» PROBLEM TO SOLVE
Could you give back exactly the lines below from the one with "worm-op-rode-lijst-2050" through the one with "Изображение для проекта", without a single picture?

» INPUT DATA
----------------------------------------
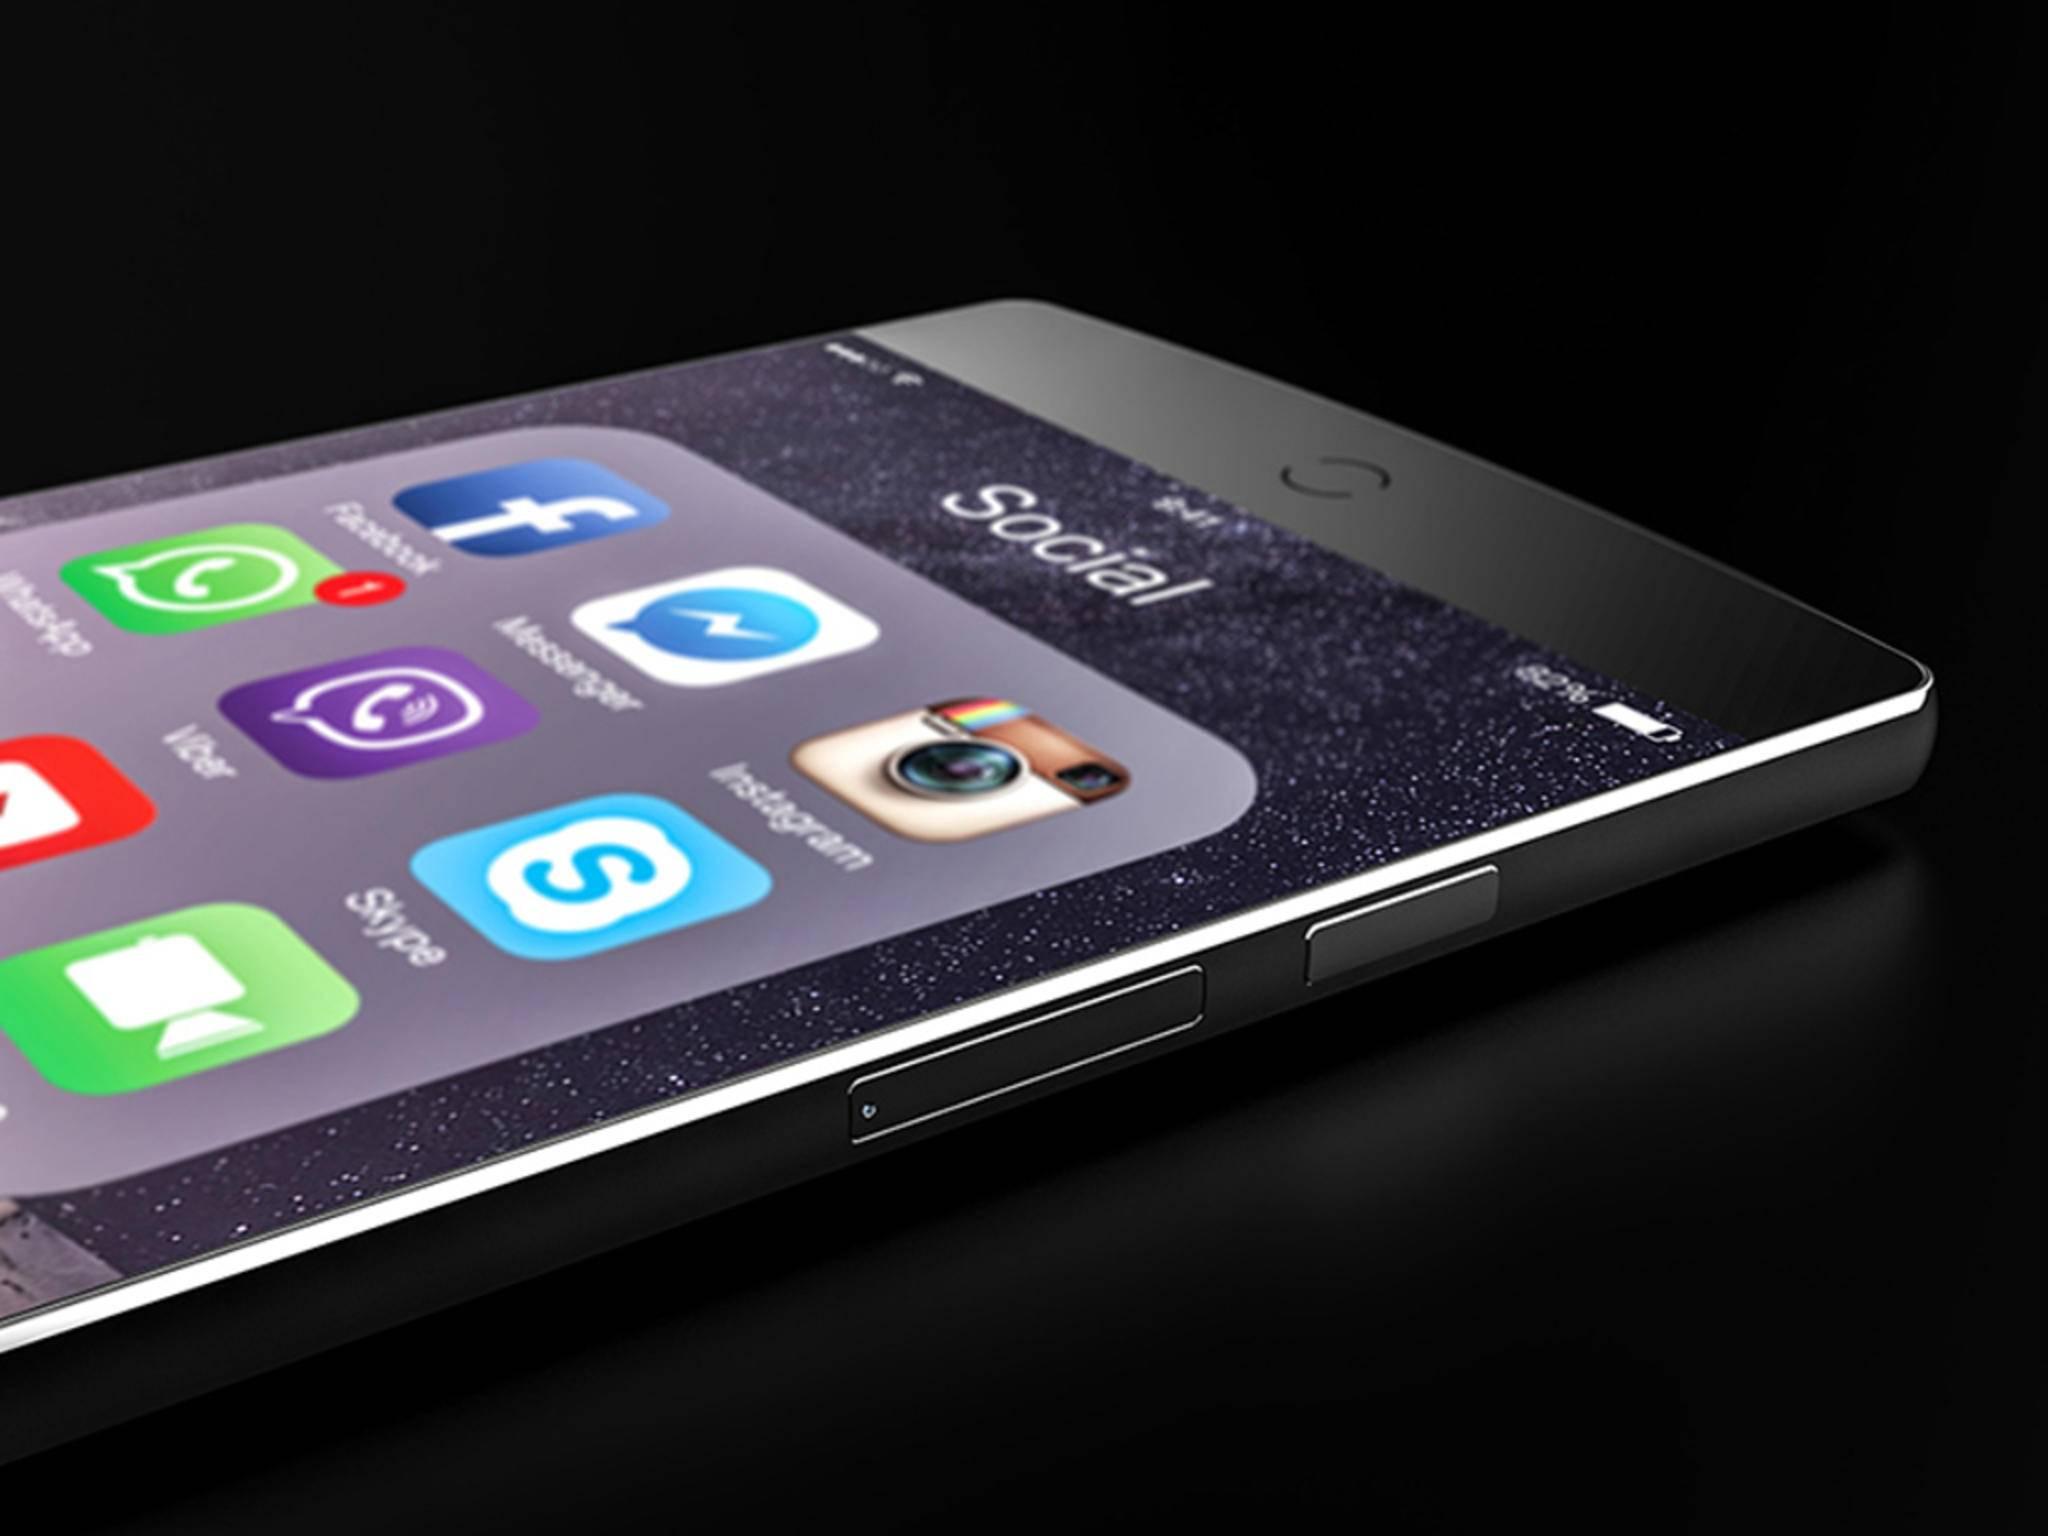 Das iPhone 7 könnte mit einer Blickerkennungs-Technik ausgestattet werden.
----------------------------------------
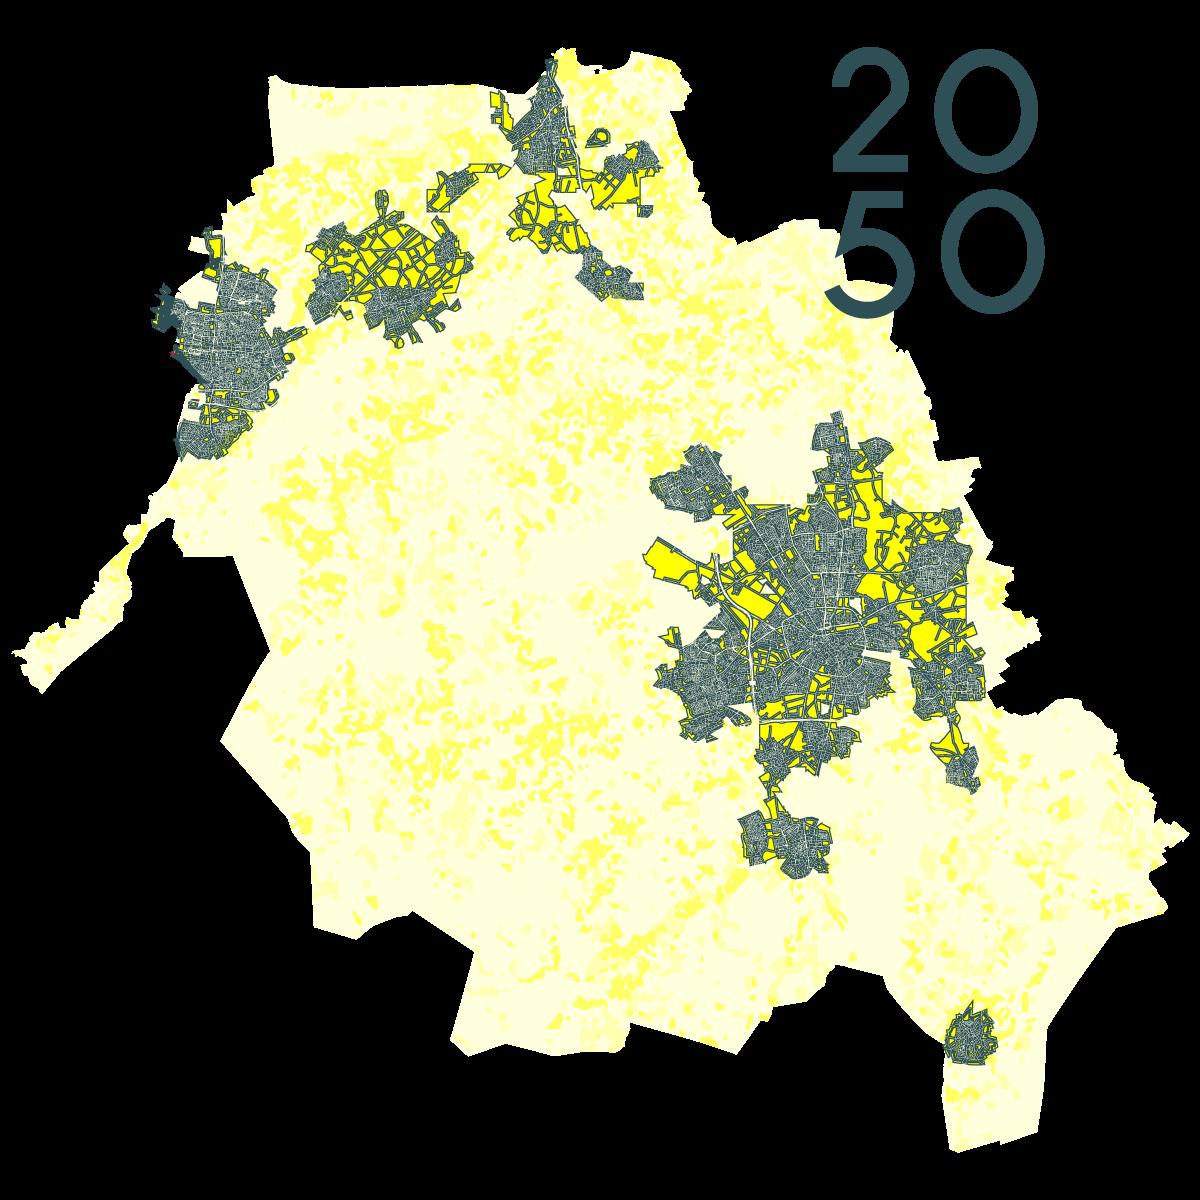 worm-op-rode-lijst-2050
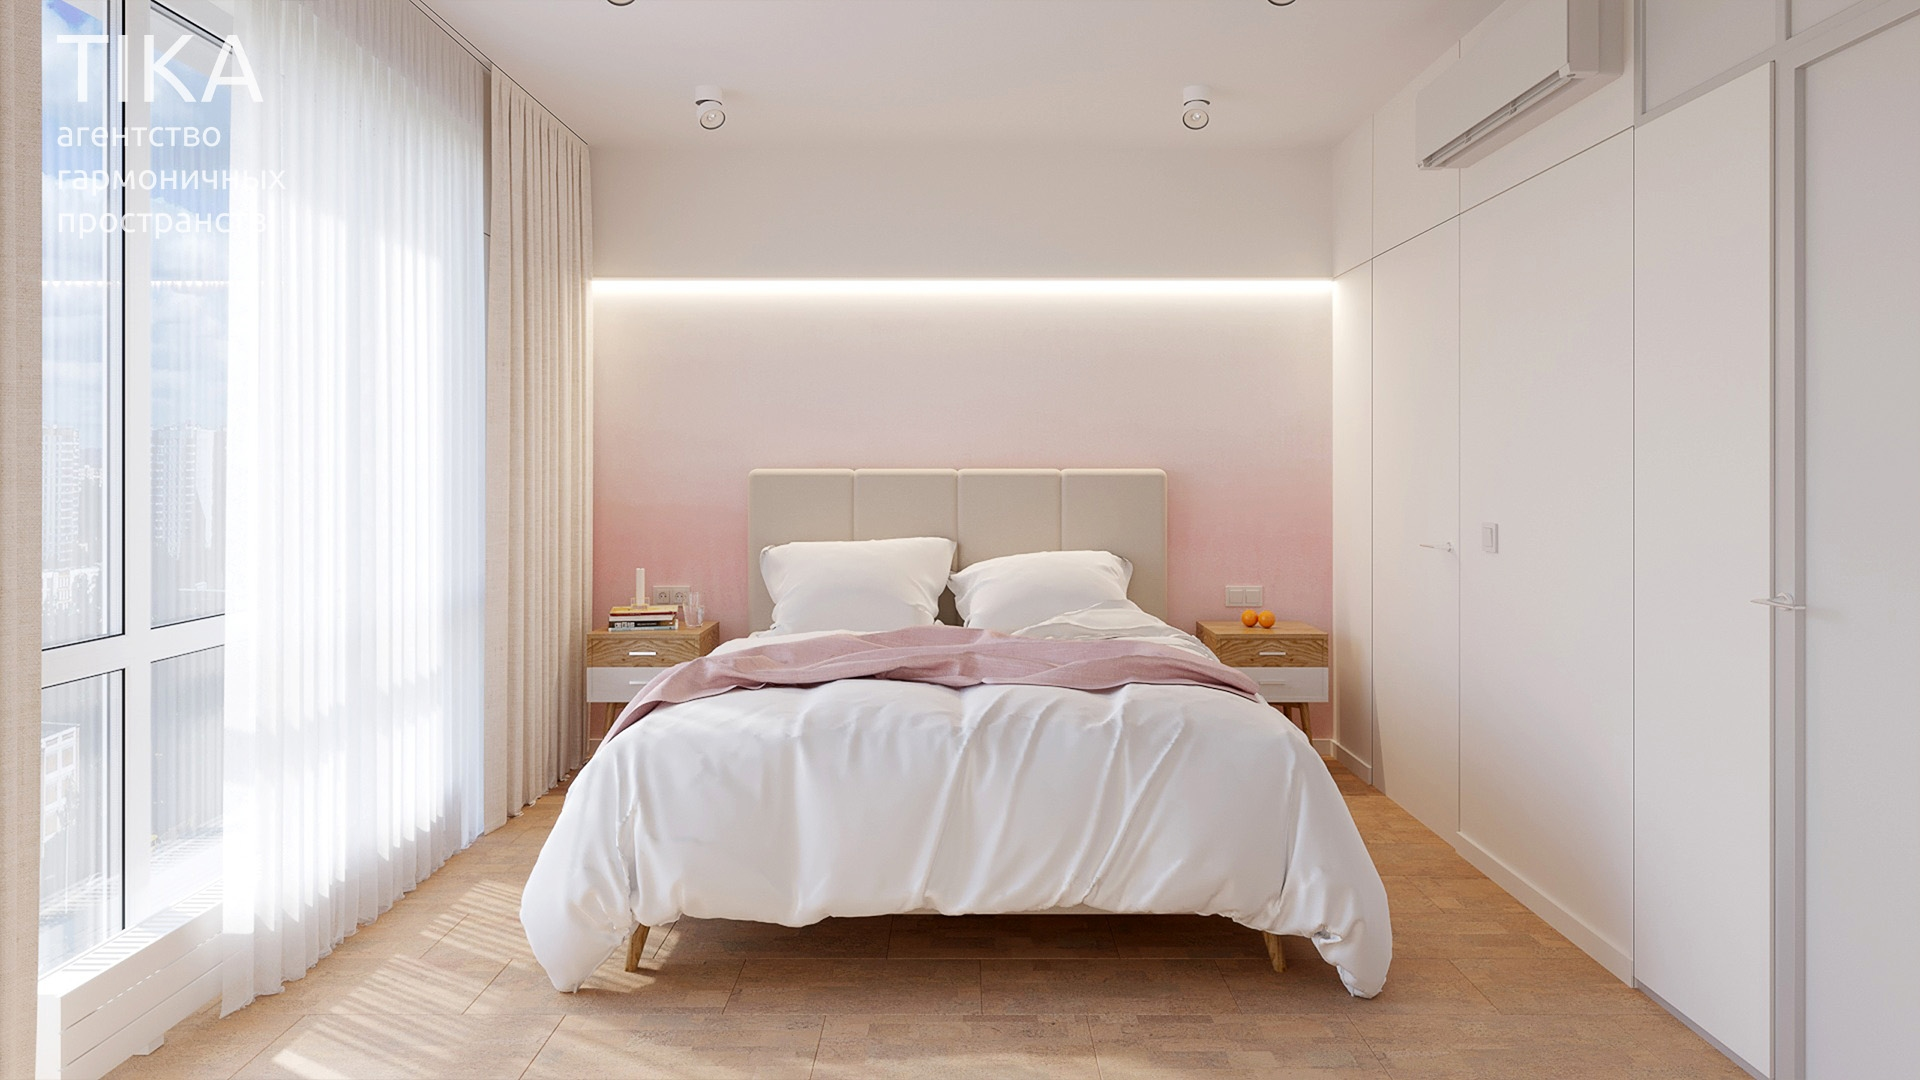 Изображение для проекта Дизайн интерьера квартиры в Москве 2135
----------------------------------------
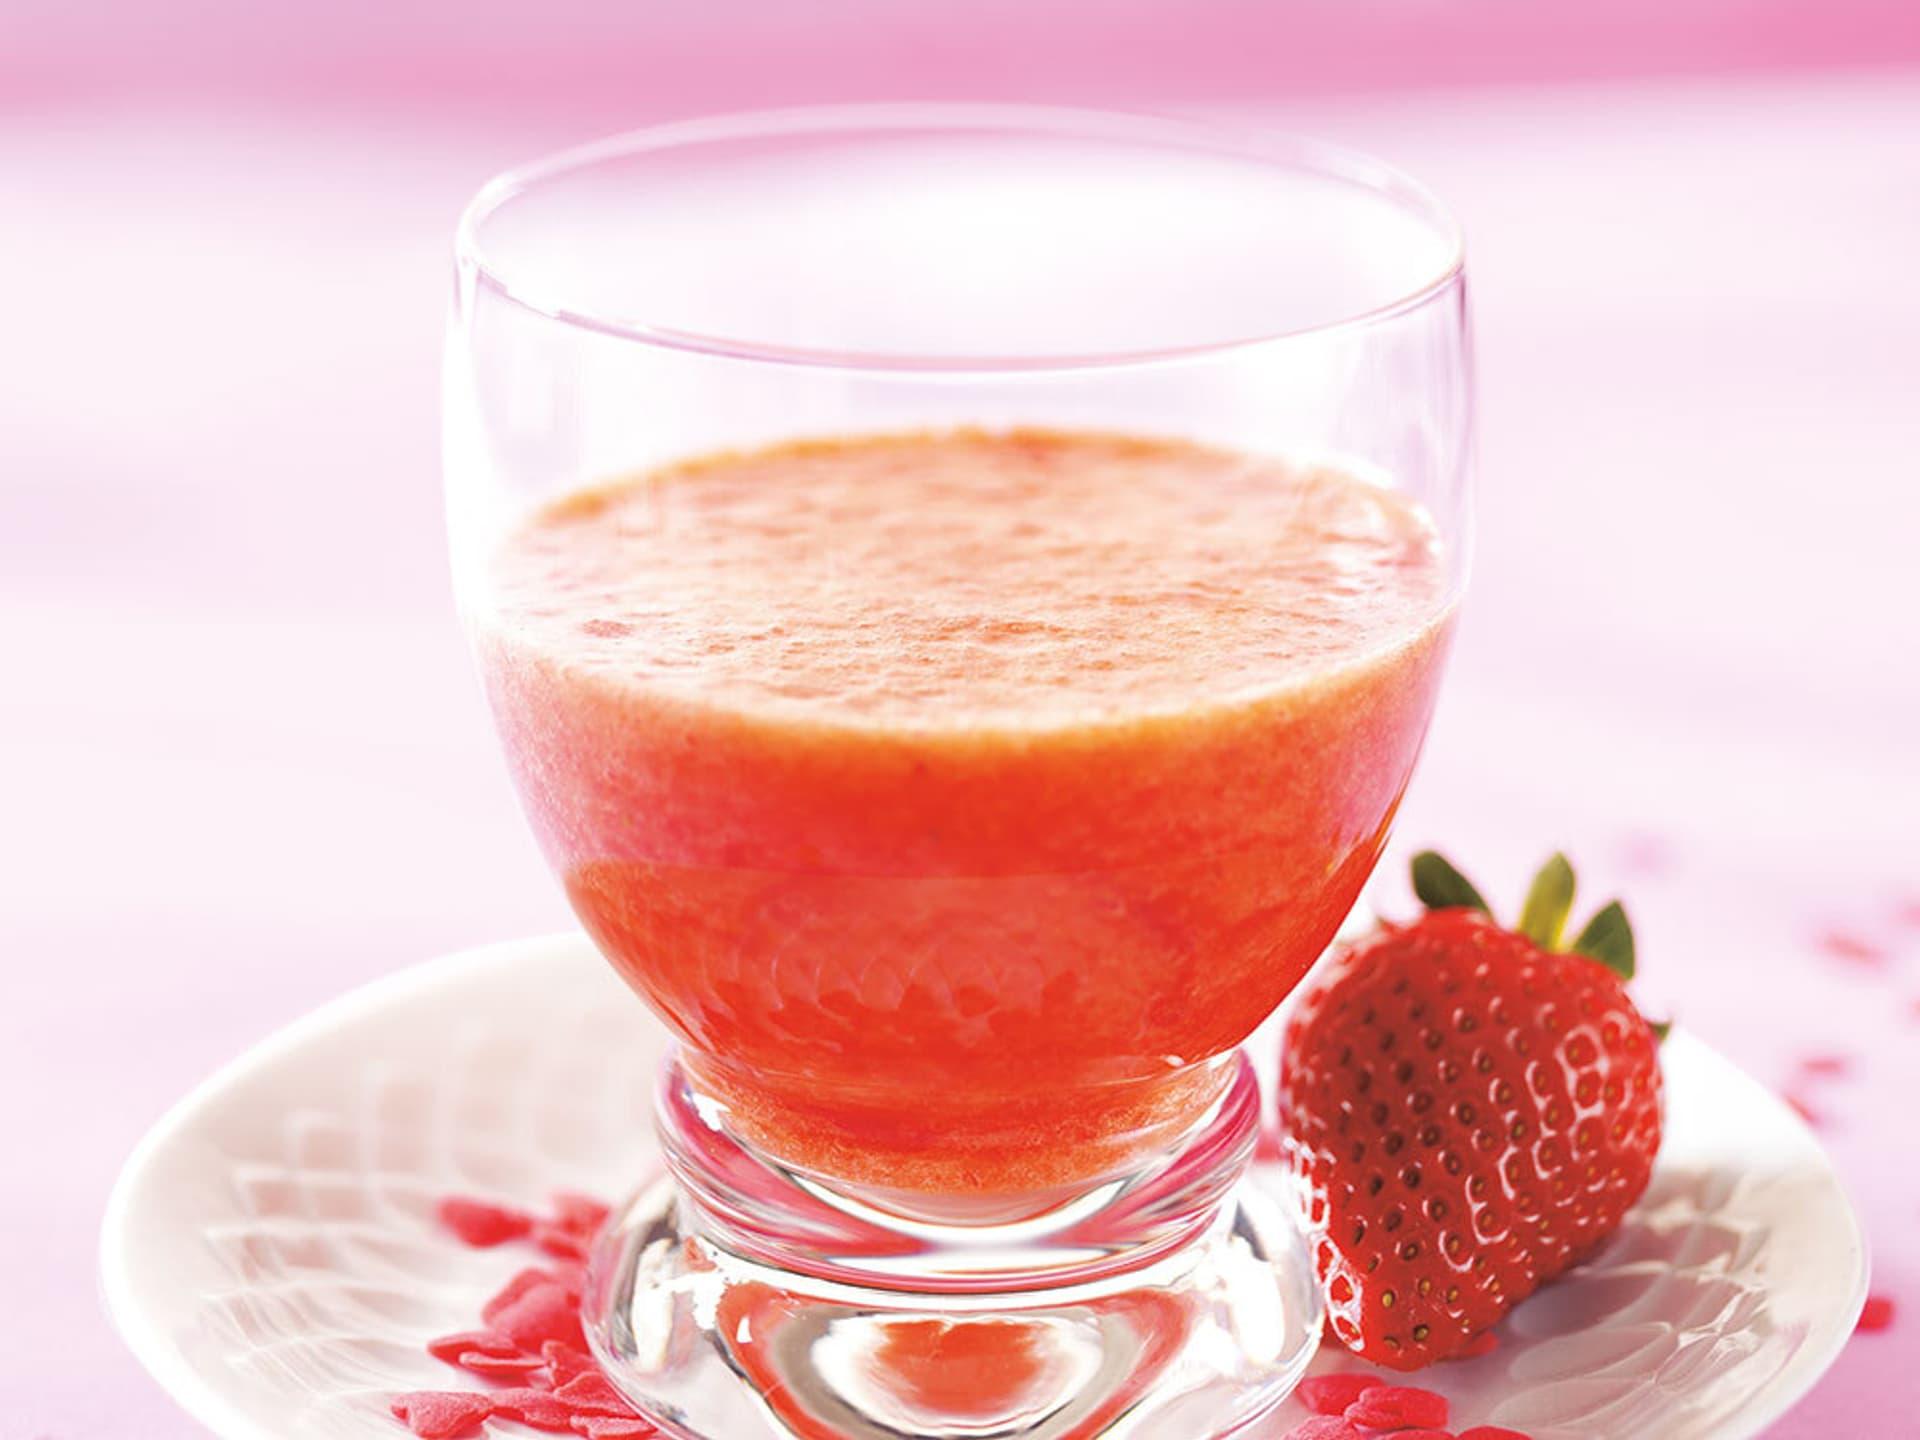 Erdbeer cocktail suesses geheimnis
----------------------------------------
» ANSWER
 worm-op-rode-lijst-2050
 Изображение для проекта Дизайн интерьера квартиры в Москве 2135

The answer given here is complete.